Hence, $G^{\prime }(x)>0$ for $x\ge 1$, and therefore, the sequence ${(G(n))}_{n\in \mathbb{N}}$ is strictly increasing. This leads to

$$G(n)<\underset{n\to \mathrm{\infty }}{lim}G(n)=0(n\in \mathbb{N}),$$

which means that the second inequality in (2.21) is valid for $n\in \mathbb{N}$. The proof of Theorem 2.4 is complete. □

Remark 2.5 The following numerical computations (see Table 1) would show that, for $n\in \mathbb{N}\setminus \{1\}$, inequality (2.18) is sharper than inequality (2.6).
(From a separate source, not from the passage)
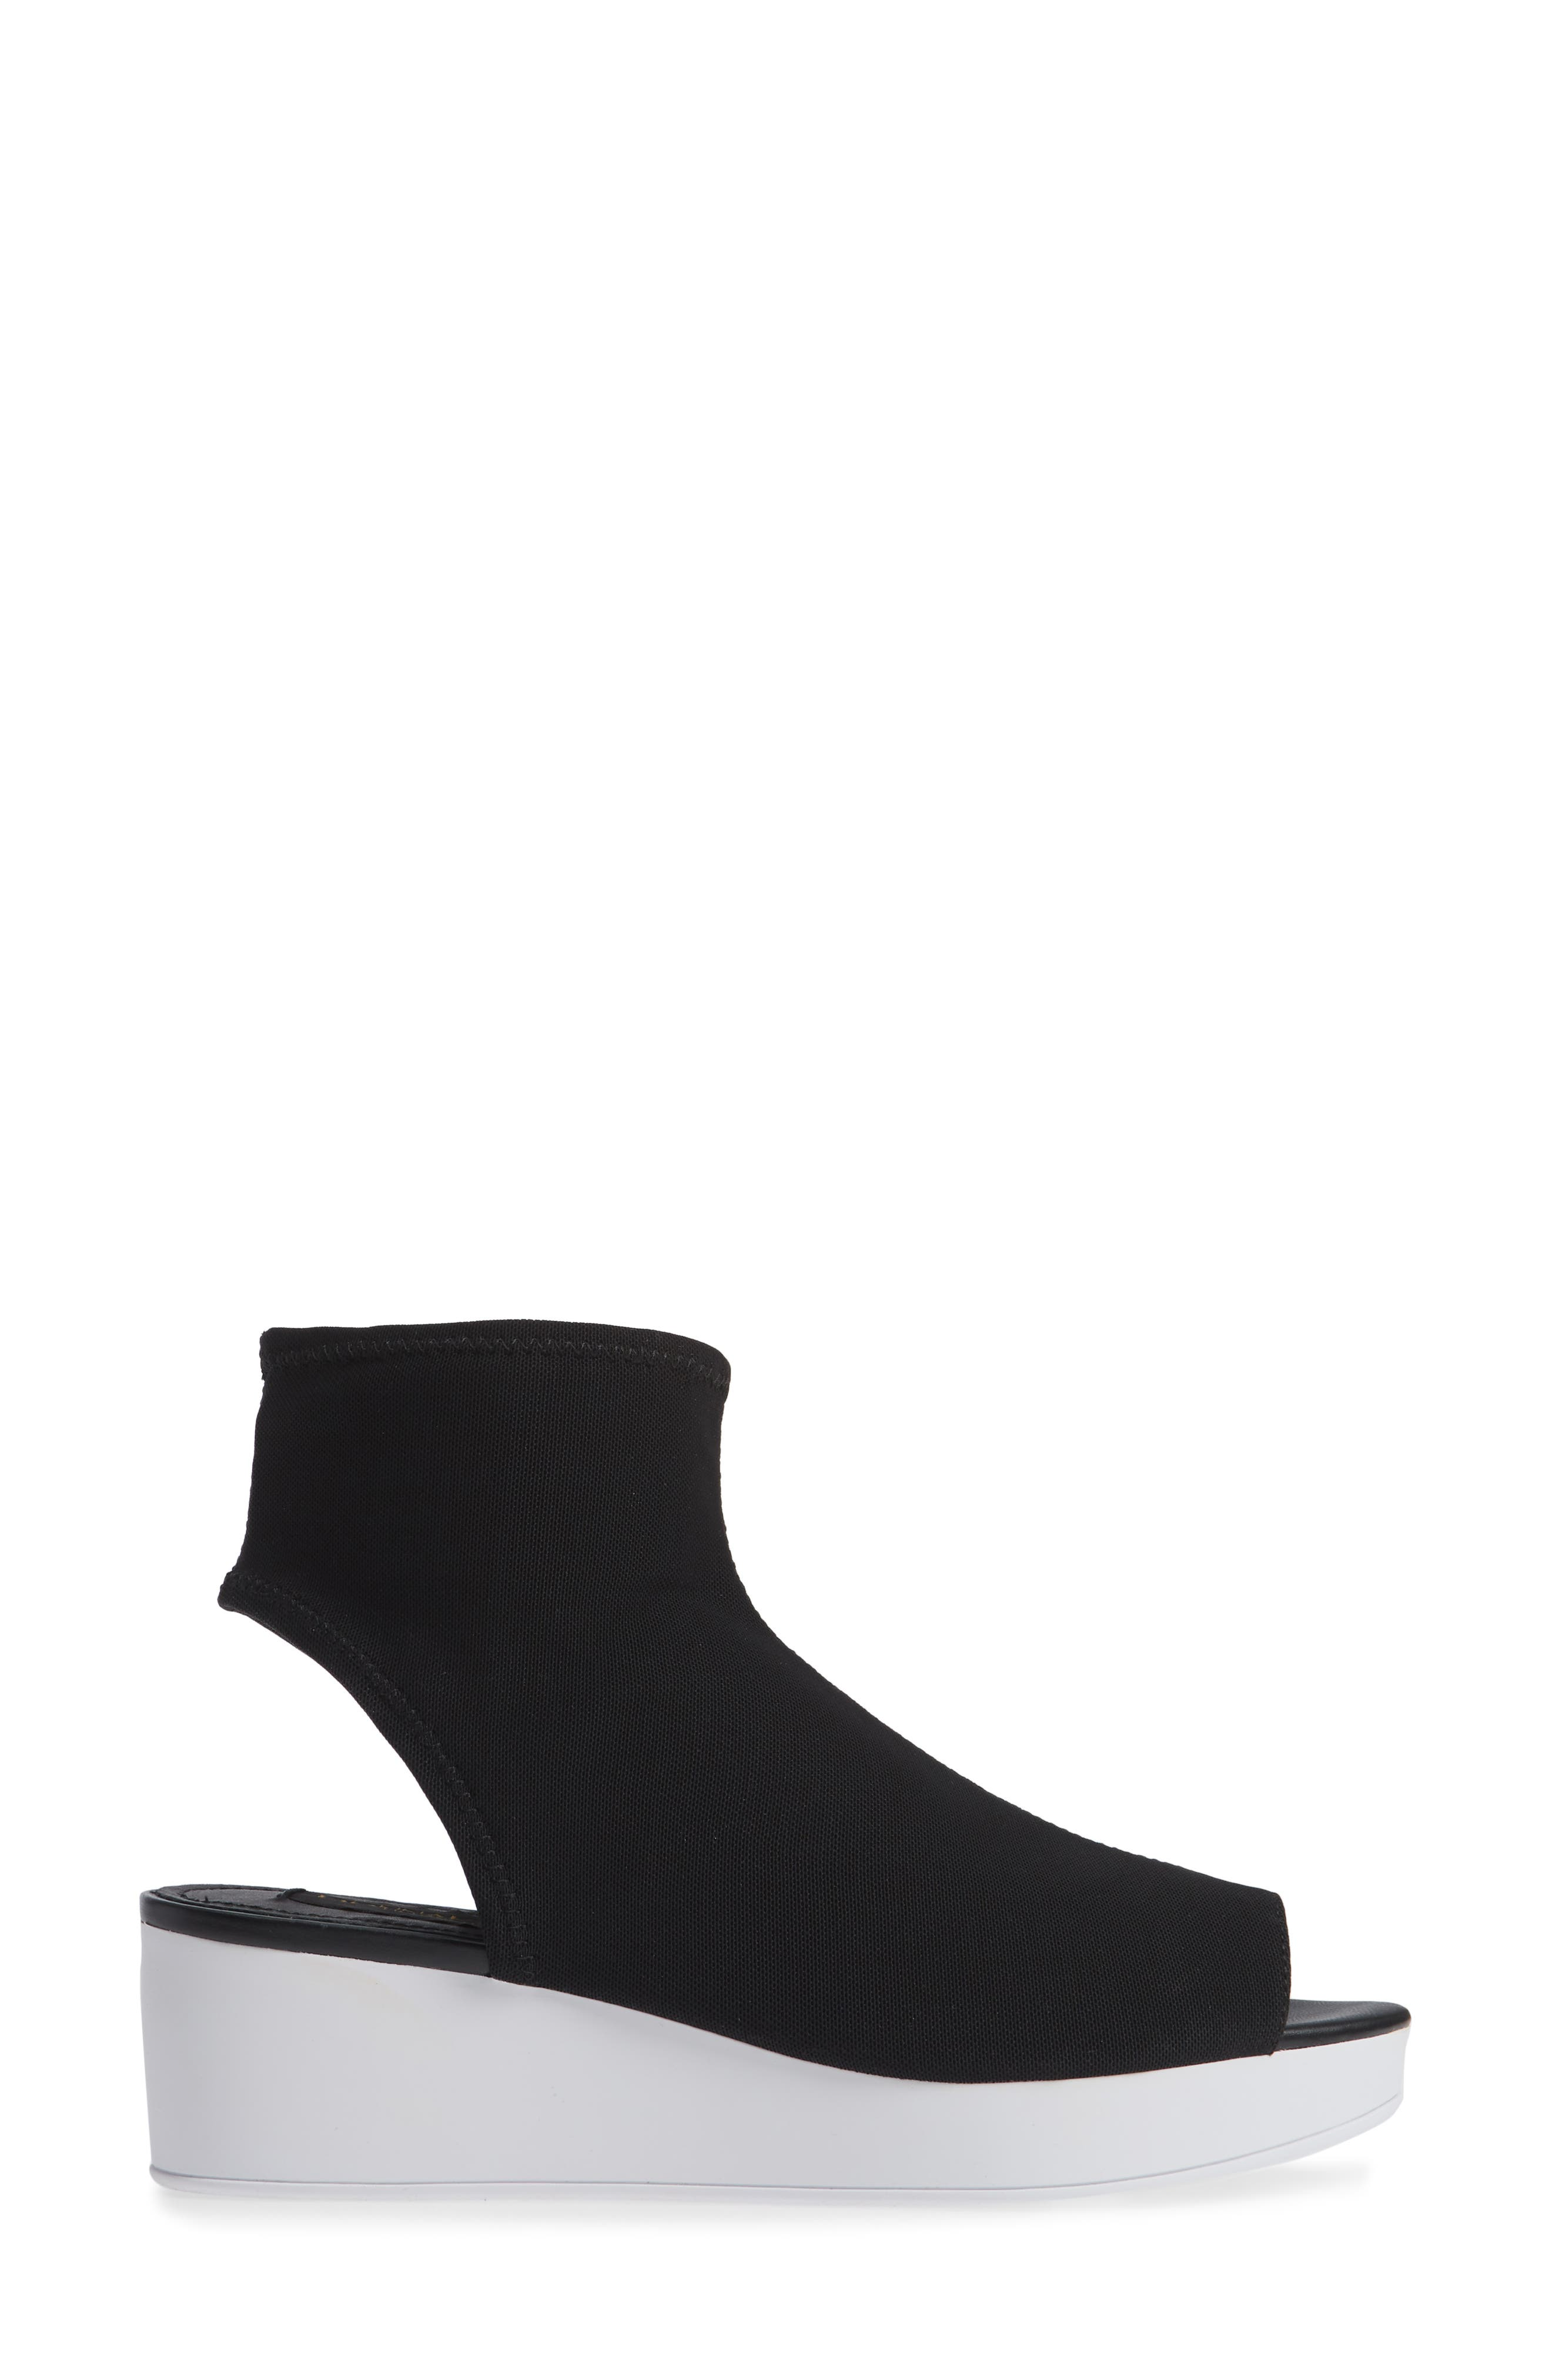 Donna Karan Rivera Mid-Wedge Sandal,                             Alternate thumbnail 3, color,                             BLACK STRETCH FLY KNIT
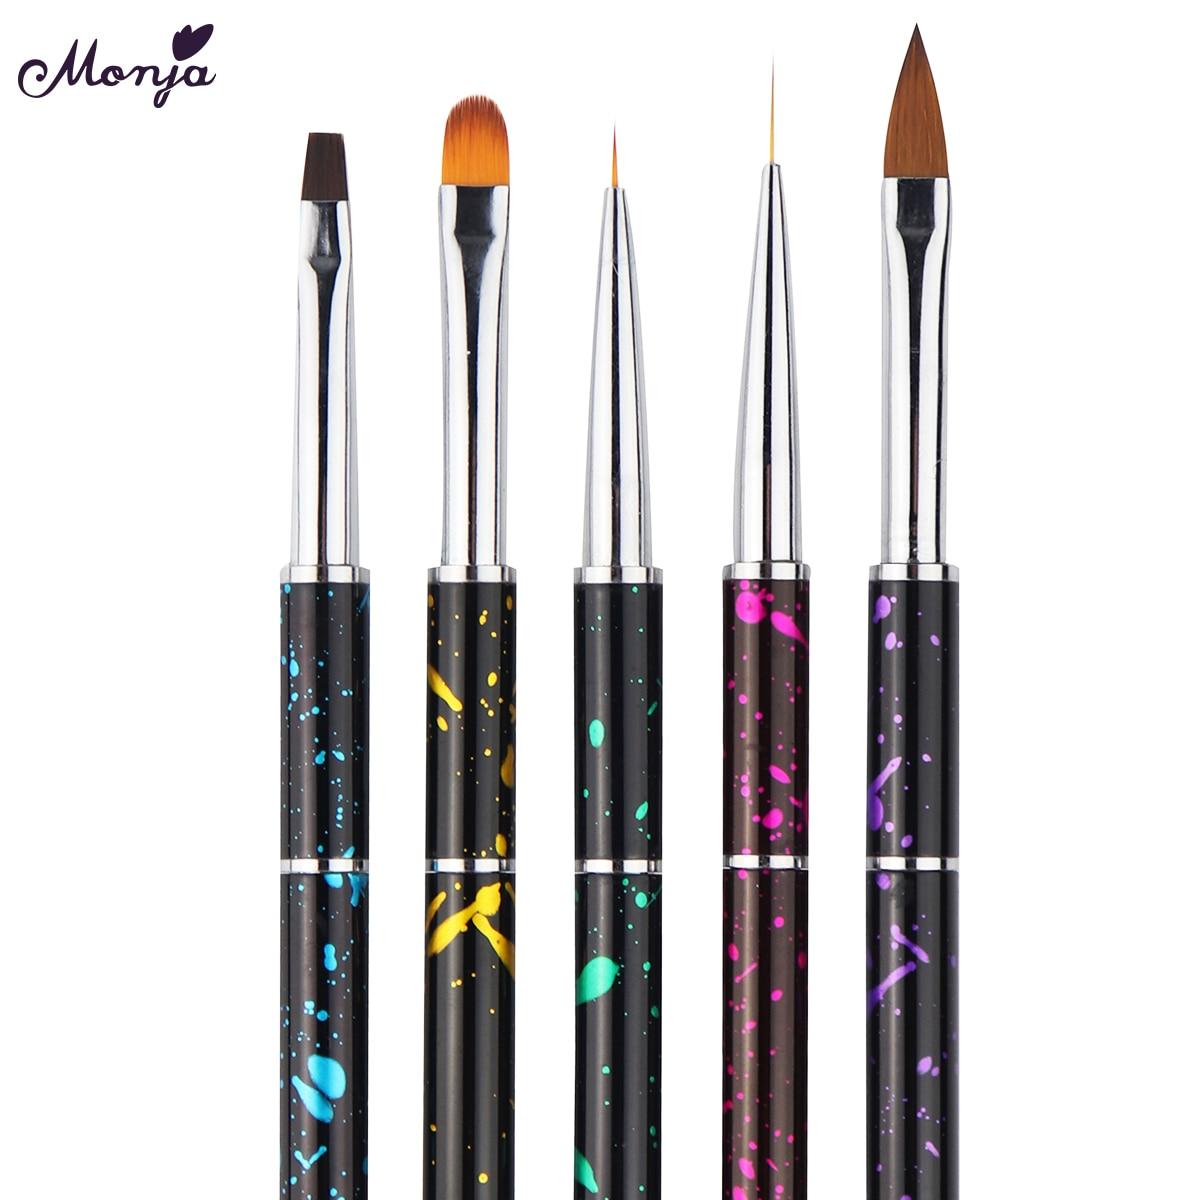 Monja Nail Art Detachable French Stripe Lines Painting Liner Acrylic UV Gel Extension Builder Liquid Powder Carving Brush Pen

Table 1 Comparison between inequalities ( 2.6 ) and ( 2.18 )

By using Lemma 1.1, we find that

$${\delta }_n=\pi +O\left(\frac{1}{n^{11}}\right)\text{and}{\omega }_n=\pi +O\left(\frac{1}{n^9}\right),$$

which provide the higher-order estimates for the constant π.

Remark 2.6 Some calculations in this work were performed by using the Maple software for symbolic calculations.